▶ [THE TASK]: Retype the listing exactly. Leave out the images.

▶ [PROVIDED DATA]:
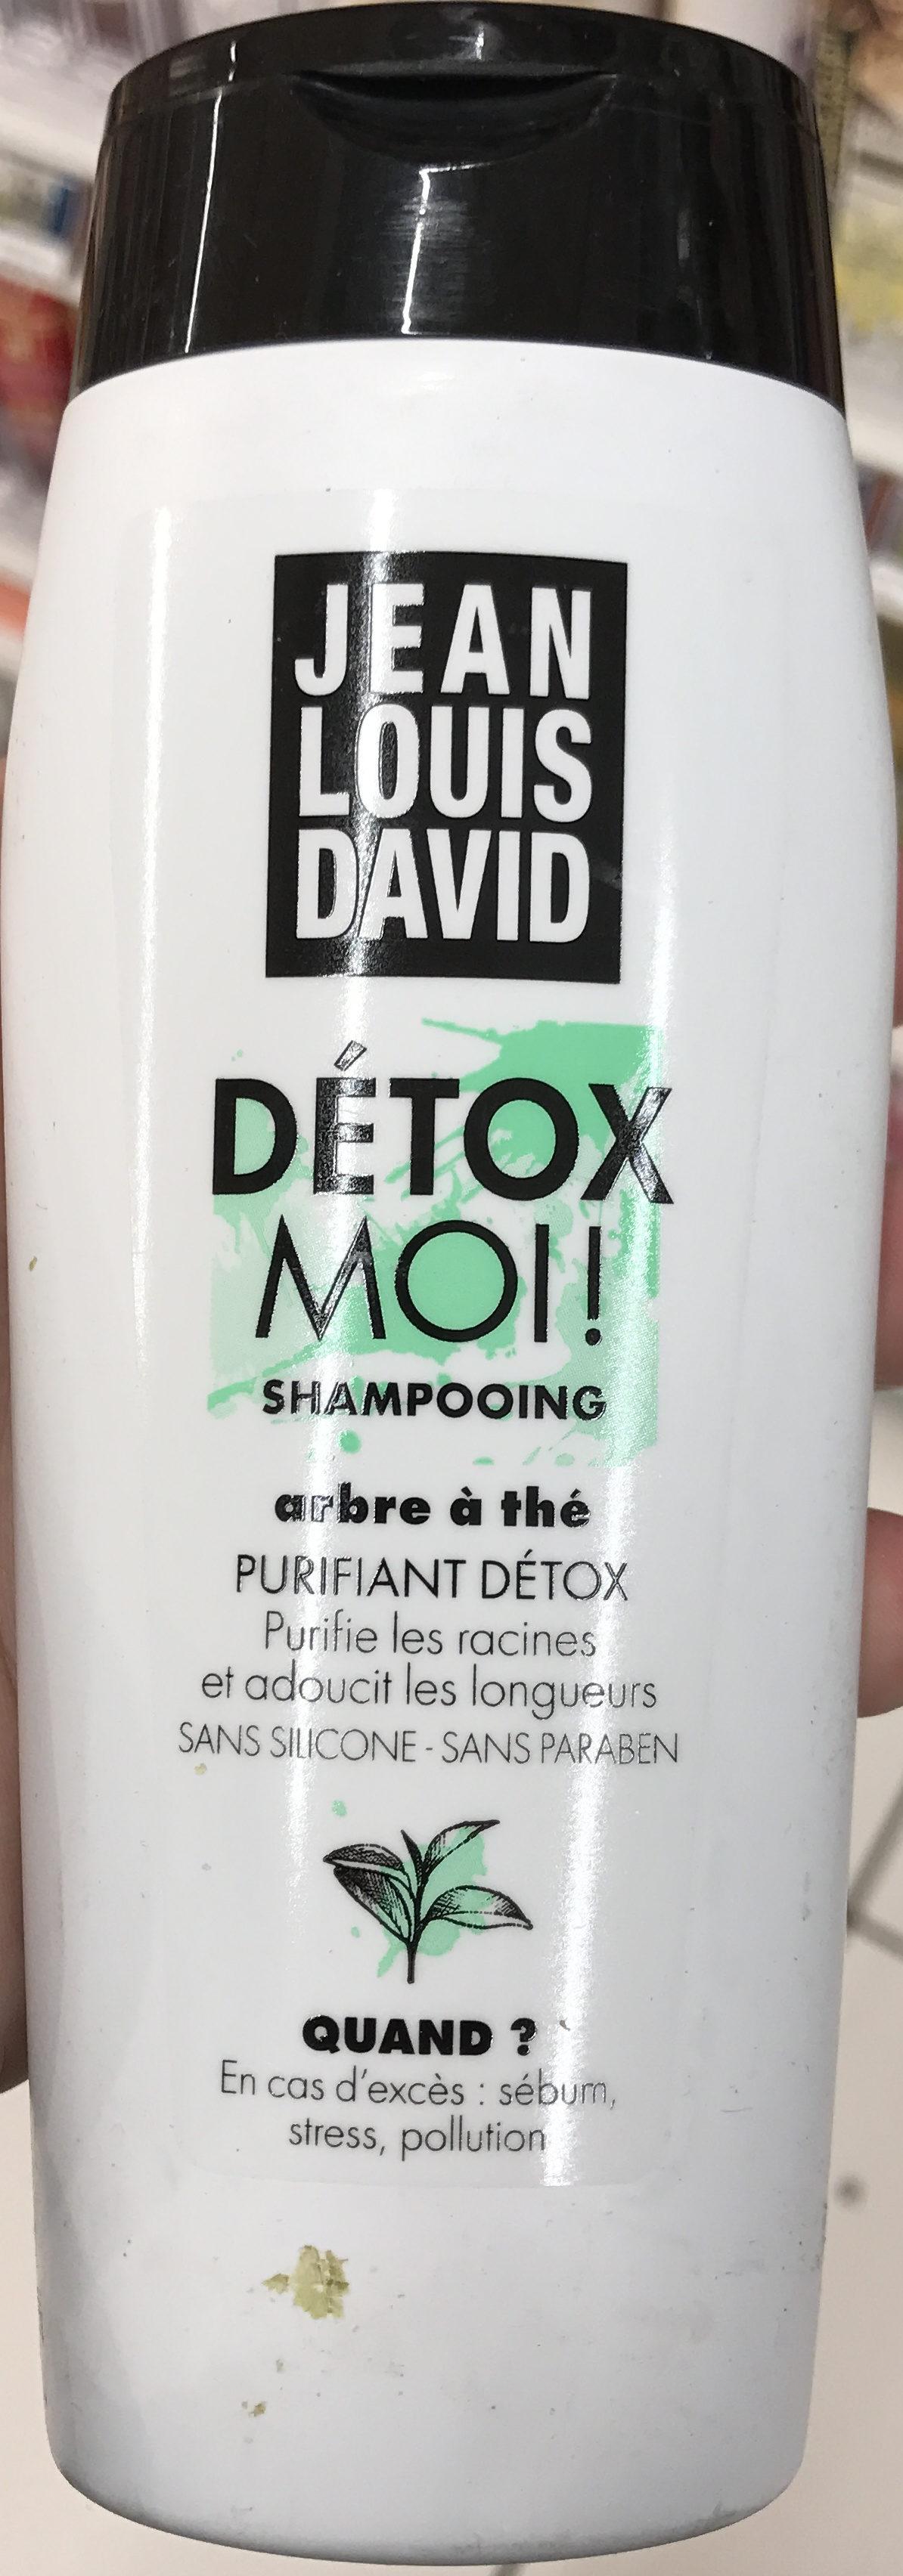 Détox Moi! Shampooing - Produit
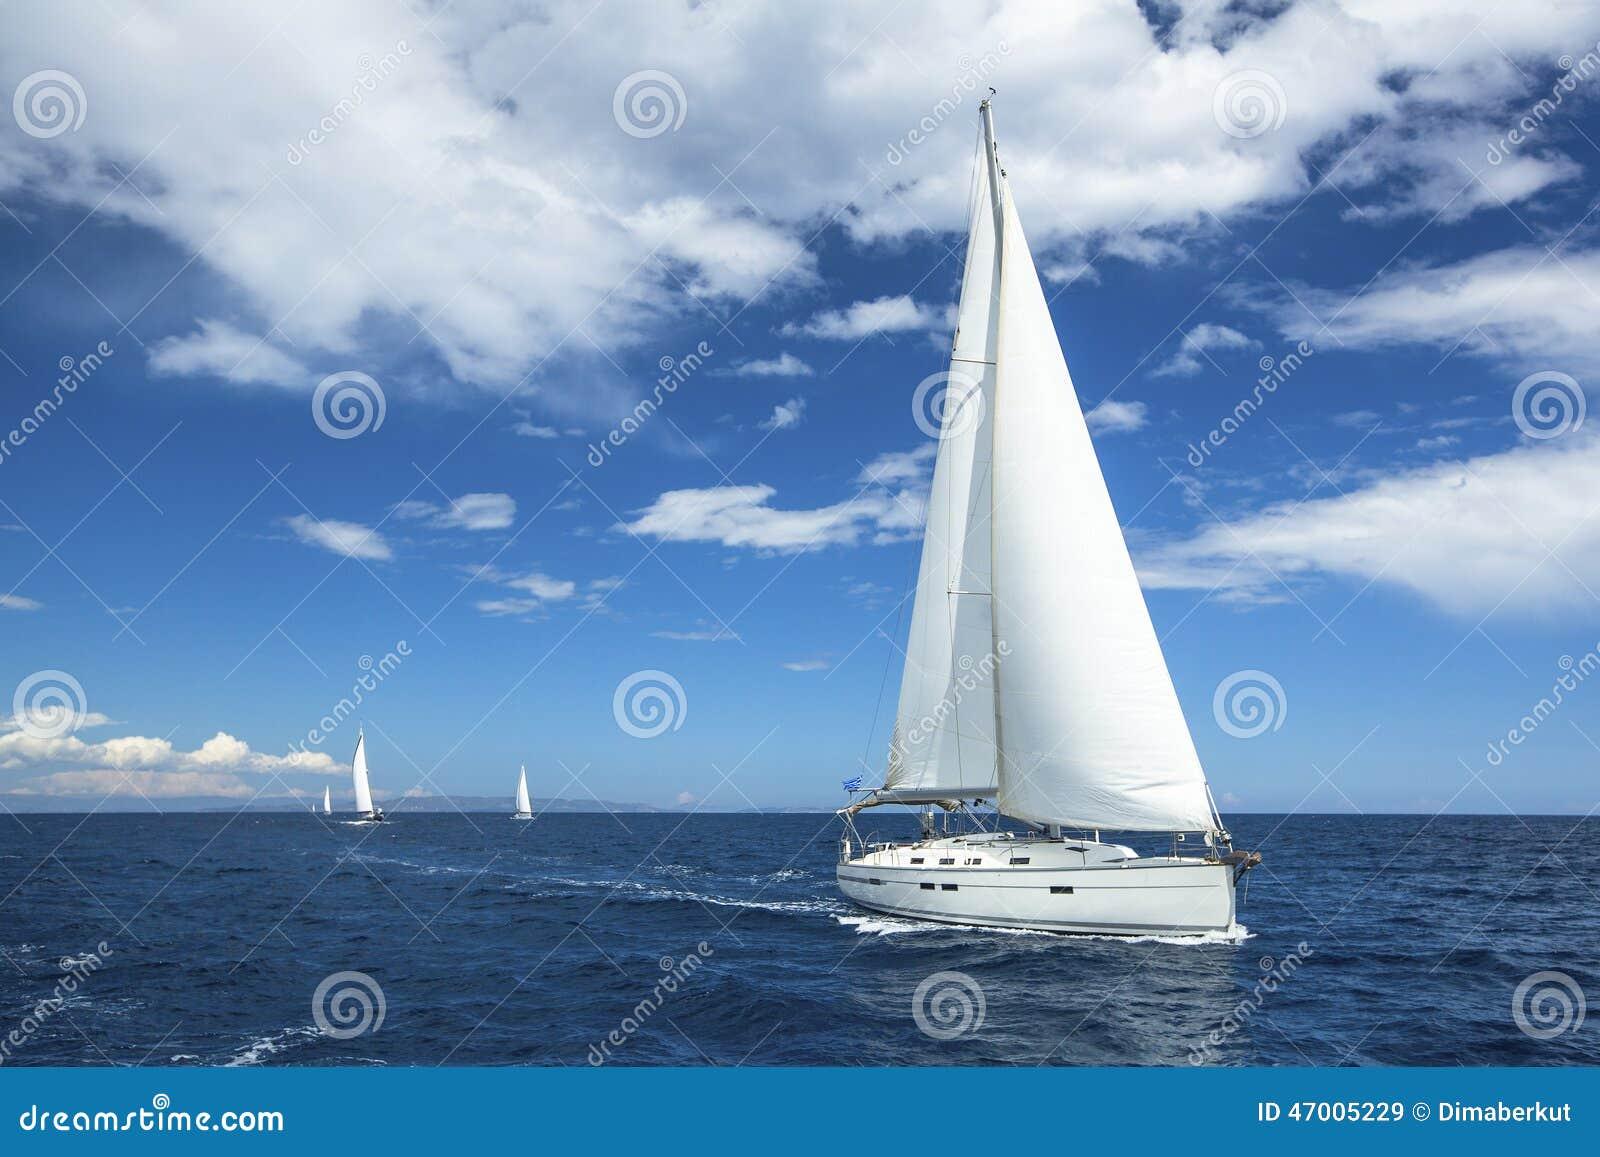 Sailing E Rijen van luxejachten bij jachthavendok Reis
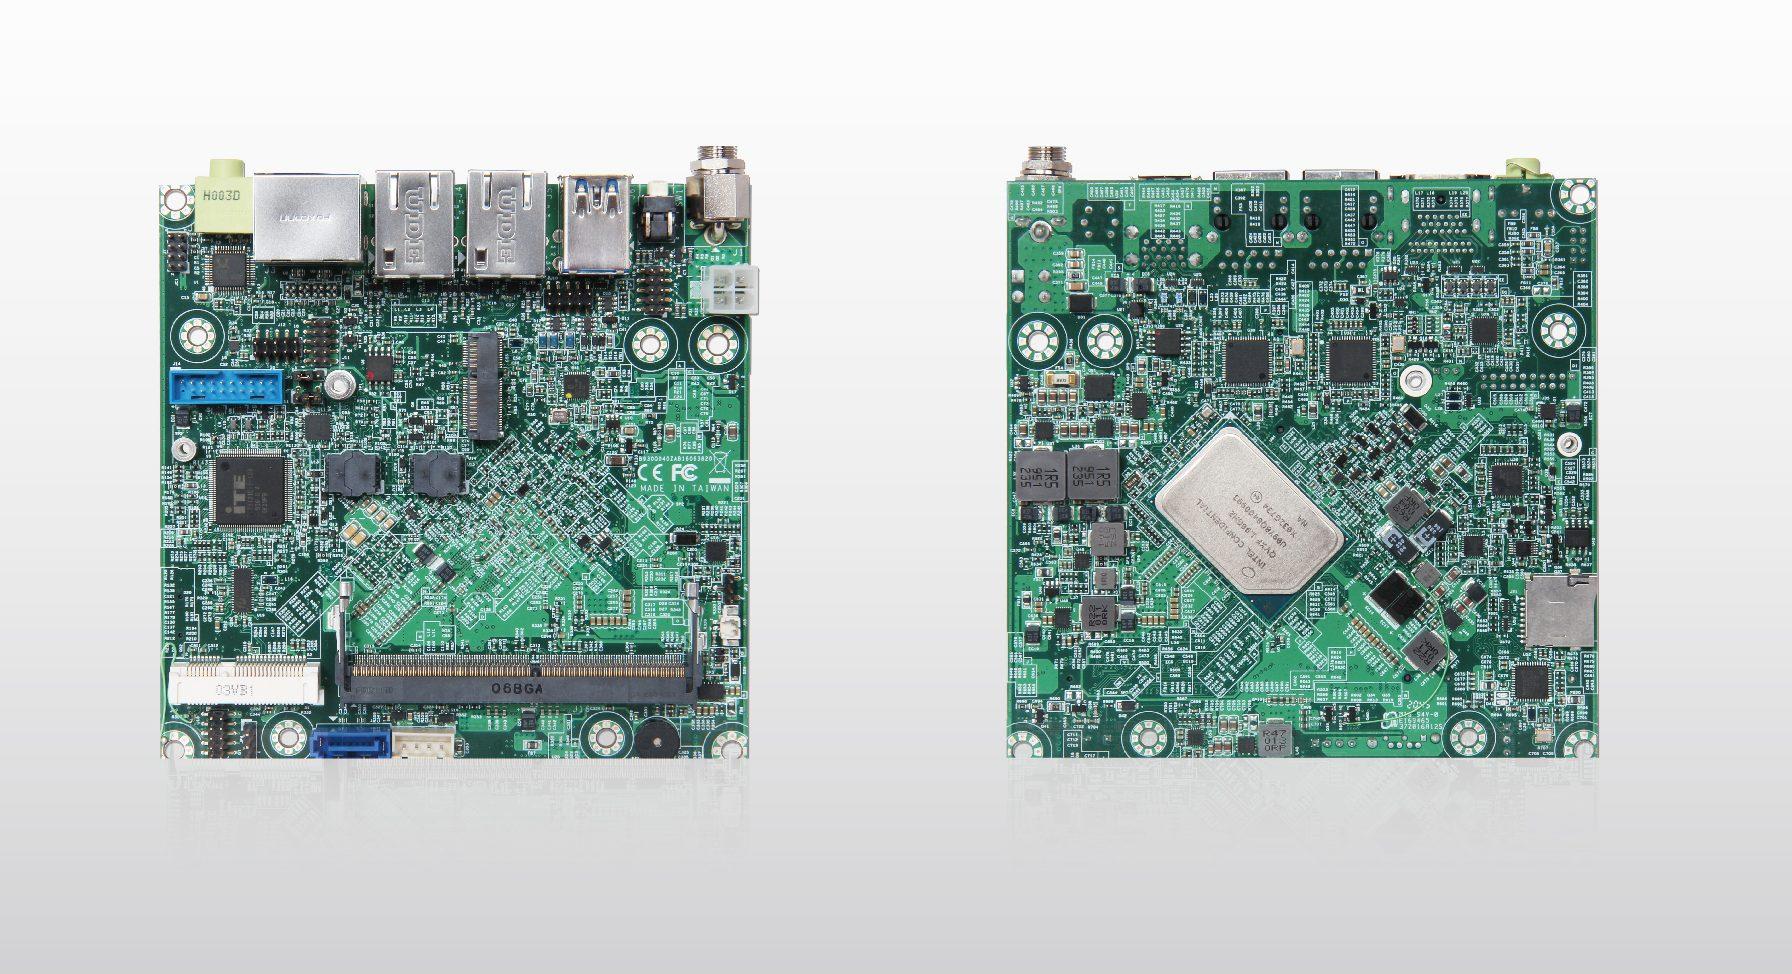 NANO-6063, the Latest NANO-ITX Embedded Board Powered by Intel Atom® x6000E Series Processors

▶ [SOLUTION FOR THIS PROBLEM]:
 Détox Moi! Shampooing - Produit
 Sailing E Rijen van luxejachten bij jachthavendok Reis
 NANO-6063, the Latest NANO-ITX Embedded Board Powered by Intel Atom® x6000E Series Processors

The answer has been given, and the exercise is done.